---------- GIVEN RECORDS
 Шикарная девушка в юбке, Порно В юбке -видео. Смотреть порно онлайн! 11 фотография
--------------------
---------- GIVEN RECORDS
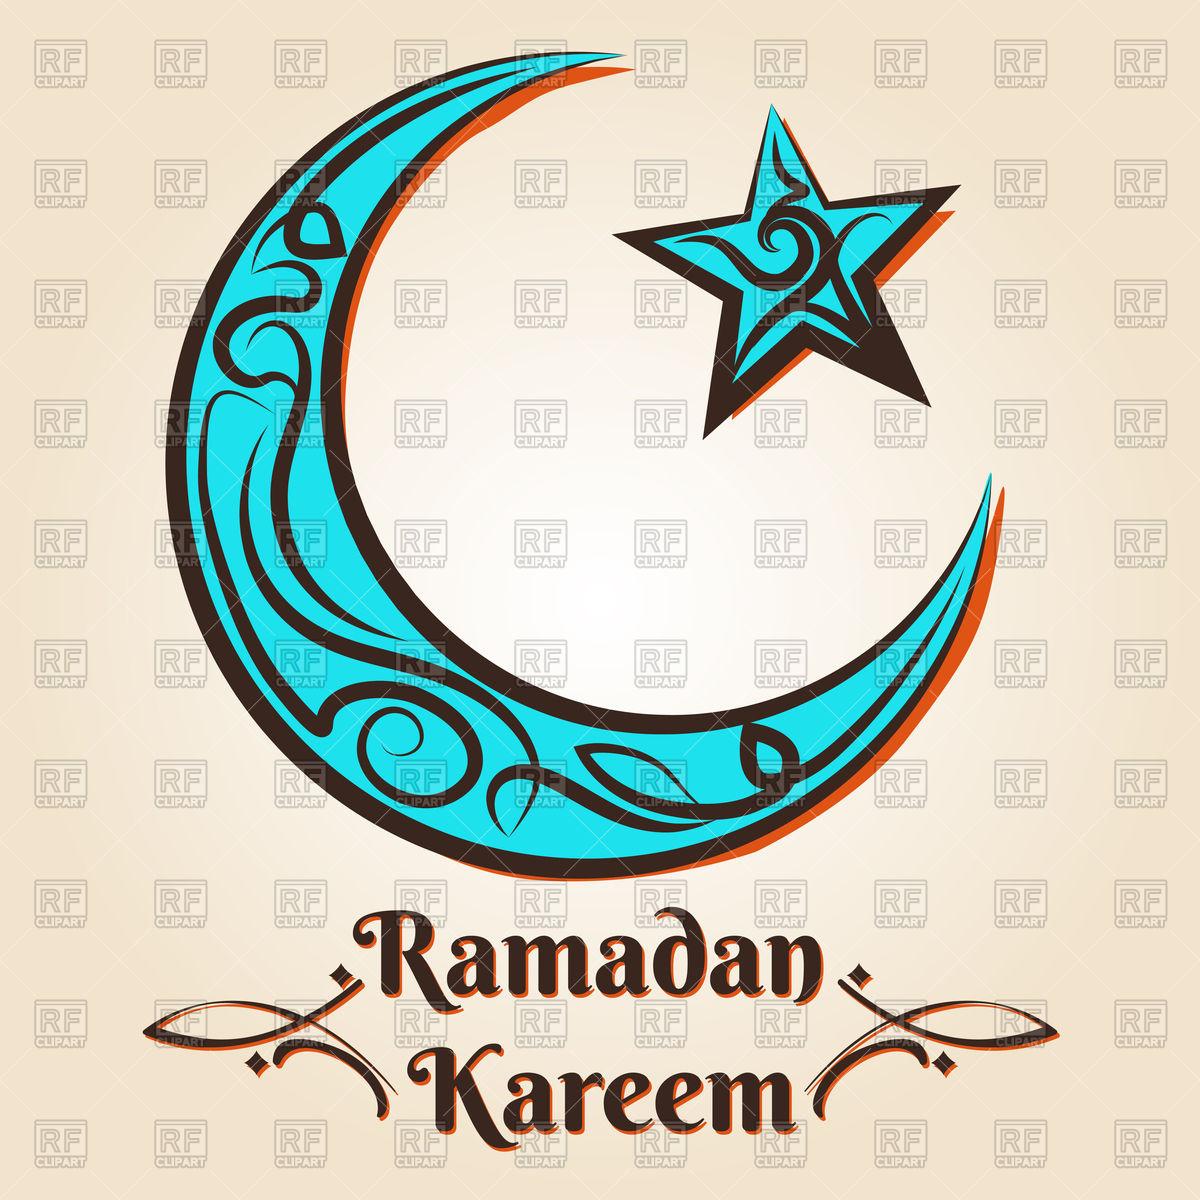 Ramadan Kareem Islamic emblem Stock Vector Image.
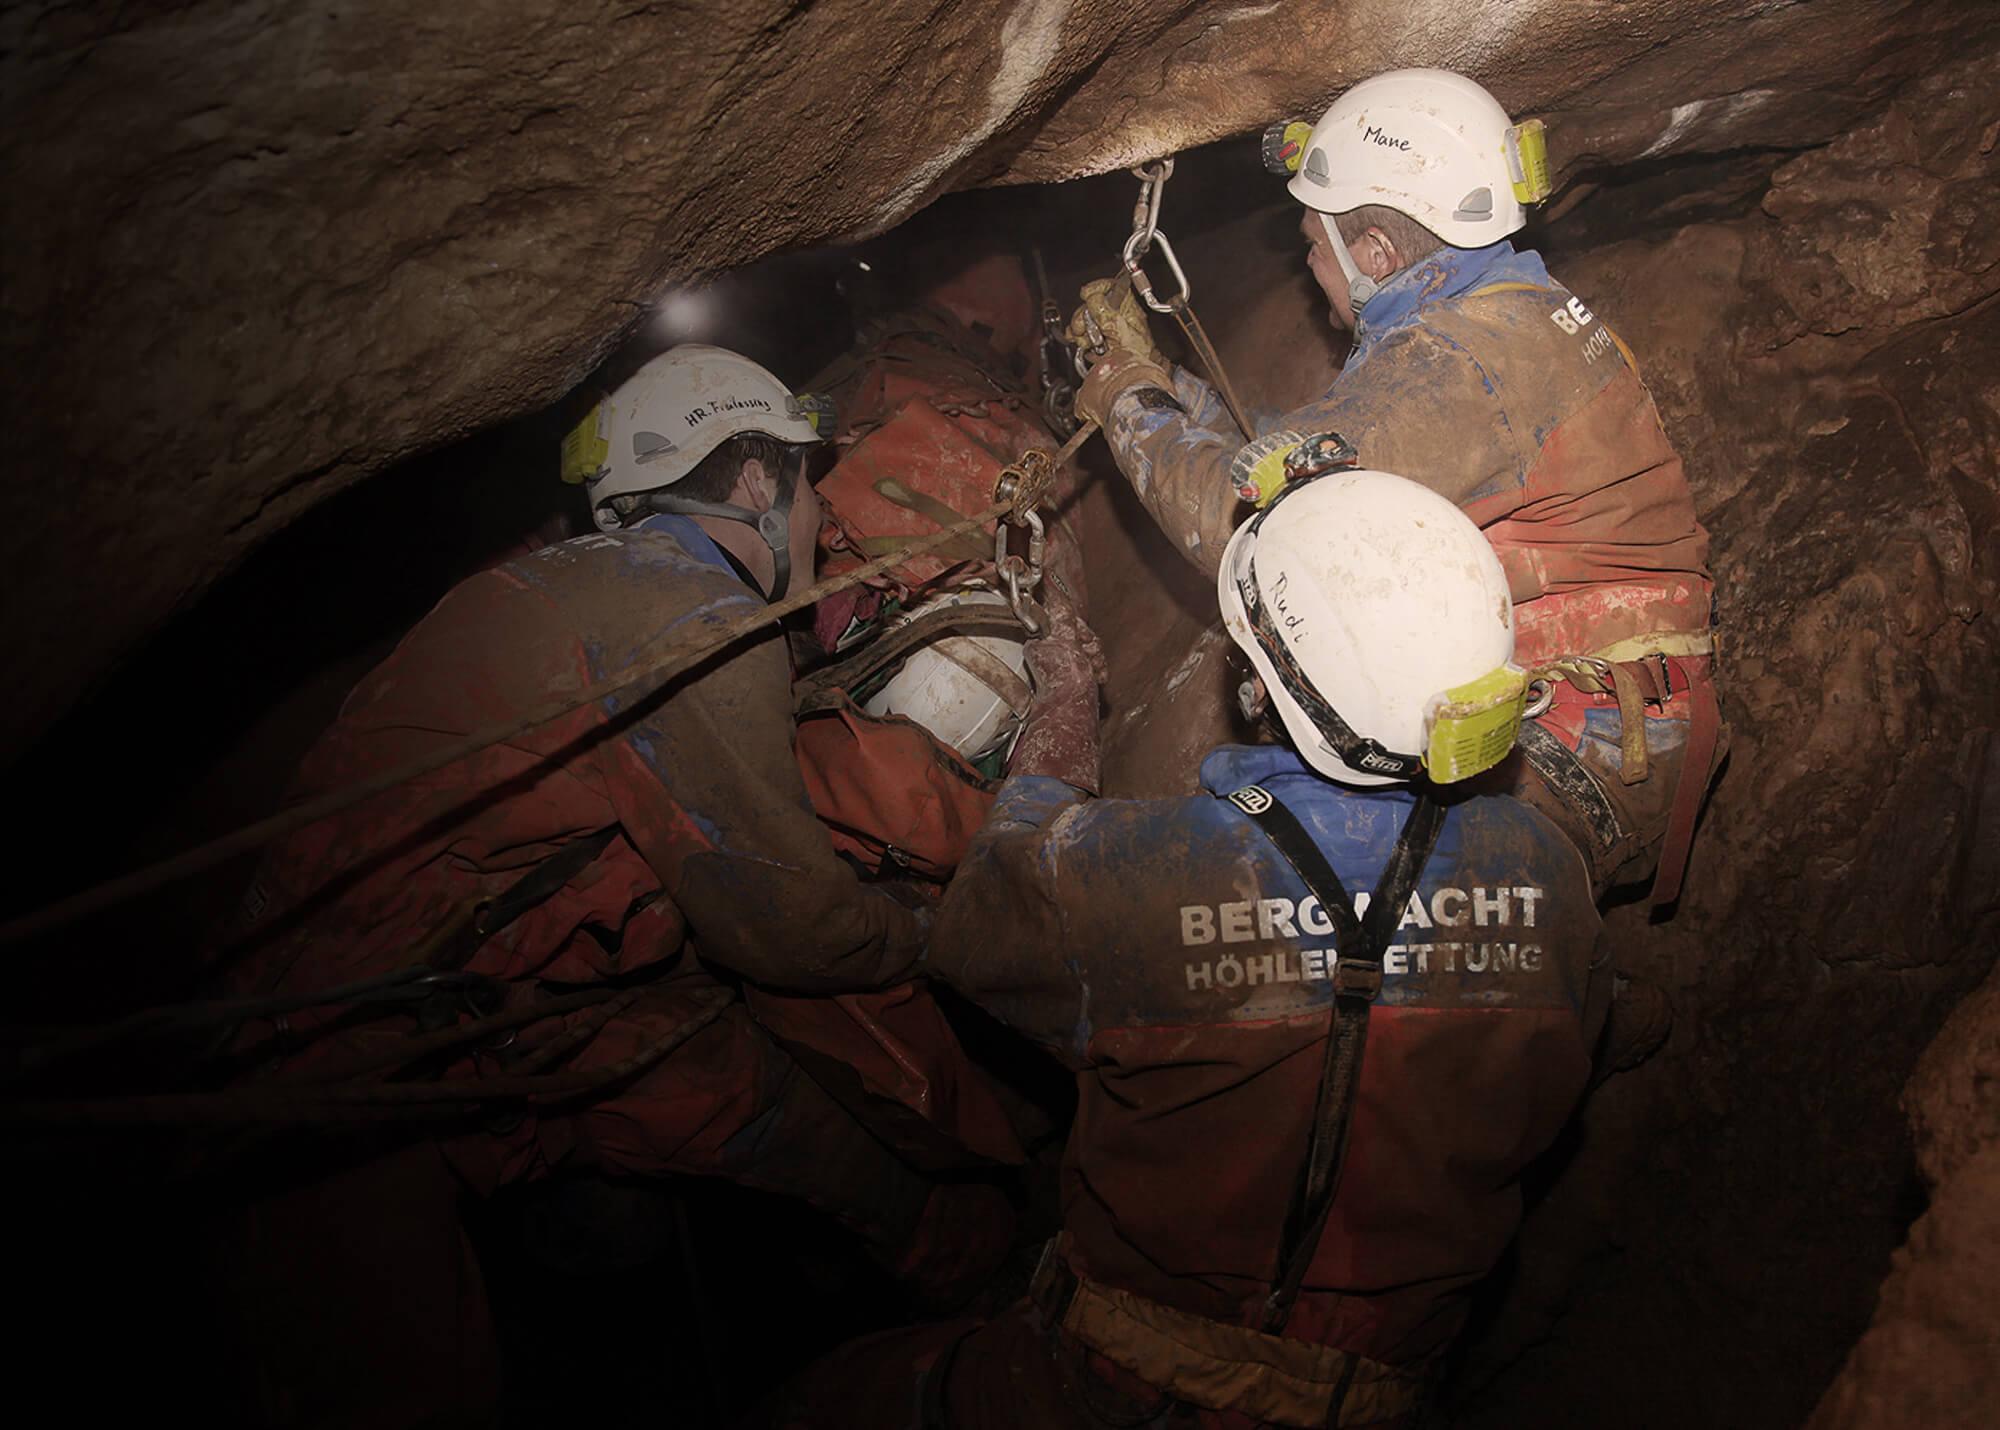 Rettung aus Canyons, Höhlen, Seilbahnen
--------------------
TASK: Reproduce exactly the lines above starting at the line containing "Ramadan Kareem Islamic" and ending at the line containing "Rettung aus Canyons, Höhlen, Seilbahnen", including both, but not the pictures.

RESPONSE AREA:
 Ramadan Kareem Islamic emblem Stock Vector Image.
 Rettung aus Canyons, Höhlen, Seilbahnen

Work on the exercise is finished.